Leopardi, significativamente, muestra el ejemplo del padre, al que él miraba al
sentir el temor, para comprender si había razón o no para sentir miedo, como si
él no se encontrase en situación de comprender por sí mismo la situación en la
que se encontraba; la postura de Monaldo le proporcionaba tal seguridad que,
una vez alejado de él, el poeta se daba cuenta de la necesidad de refugiarse
todavía en la figura paterna, puesta de manifiesto en la actitud del capitán
capaz de infundir firmeza de ánimo a sus propios soldados.
Cualquier consideración
sobre el comportamiento de la persona moderna nace, pues, de la valoración
precedente del sí mismo, desde el reencuentro –bien por asimilación, bien por
diferencia– del propio modo de ser respecto a la persona de la antigüedad y
respecto a la del hombre contemporáneo. Leopardi se encuentra en el umbral:
perdido entre la tensión hacia el antiguo paradigma, al que lo aproxima la
búsqueda de la gloria, del amor, de la virtud, de aquellas ilusiones que por sí
mismas llenan de pleno sentido a la vida y sin las cuales nada queda sino la
desertificación del sentimiento y la aridez de lo verdadero; así como la
consciencia de ser uno de los modernos oprimidos por un sentido de culpa que,
con frecuencia, se traduce en un sentimiento de abyección y, por tanto, en la
destrucción del amor propio, causa, en quien es más sensible que los demás, del
odio hacia sí mismo.
Amor propio y sensibilidad
constituyen dos llaves para acceder al modo moderno de vivir las pasiones. A
través del análisis del amor propio, se conoce al mismo tiempo el drama del
ánimo del poeta y el de aquellos hombres, como él, particularmente sensibles,
que salen derrotados de las pruebas a las que les somete un mundo dominado por
el egoísmo y por los
egos hipertróficos que forman y devoran a la sociedad, donde
impera la lógica del «sí mismo» y no del proyecto común.

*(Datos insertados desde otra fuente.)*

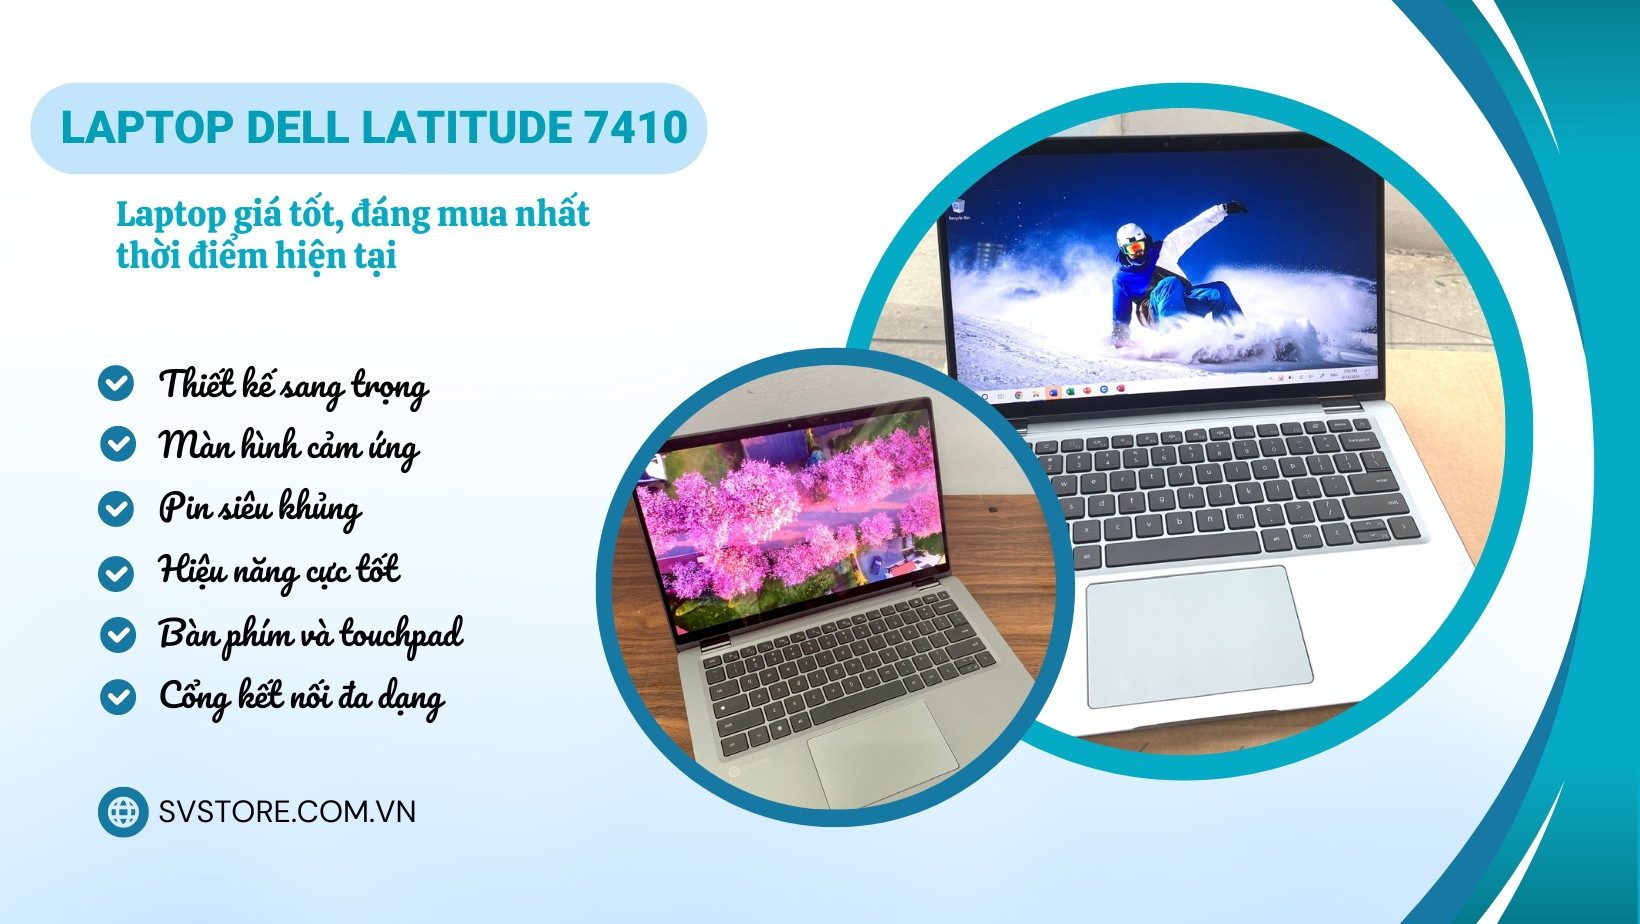 Laptop Dell Latitude 7410 - Laptop giá tốt, đáng mua nhất thời điểm hiện tại

Incluso el sentimiento que
Leopardi considera exento de cualquier forma de egoísmo, es decir, la
compasión, asume luego matices de significación que lo reconducen a la raíz
ególatra del amor propio; y esto sucede cuando el hombre que siente compasión
por un desventurado virtuoso se complace casi consigo mismo de su sentimiento;
porque, sin sacrificar nada, alcanza el conocimiento del propio heroísmo y de
la propia nobleza de ánimo. La compasión se presenta entonces como una
serpiente que se desanuda hasta alcanzar el objeto de compadecer, para
replegarse después sobre sí en un movimiento sinuoso e hipócrita, con el que
Leopardi identifica aquel narcisismo implícito en cada acto demasiado
altruista; el cual puede esconder luego un egoísmo feroz, que con frecuencia
puede confundirse con el amor propio, o significar la necesidad de rellenar un
sí completamente vacío.
El aumento del egoísmo se
corresponde con el fin de las ilusiones, que desaparecen del mundo de manera
progresiva.
El hombre sensible es
entonces condenado en la medida en que no encontrará «pasto»; entendido éste
como alimento para su ánimo y, en consecuencia, acabará mortificado y
envilecido su amor propio. En este envilecimiento –que se manifiesta, sobre
todo, después de largas y reiteradas desventuras, es decir, en el tiempo y en
la repetición incesante del dolor– reside la causa de la muerte del alma.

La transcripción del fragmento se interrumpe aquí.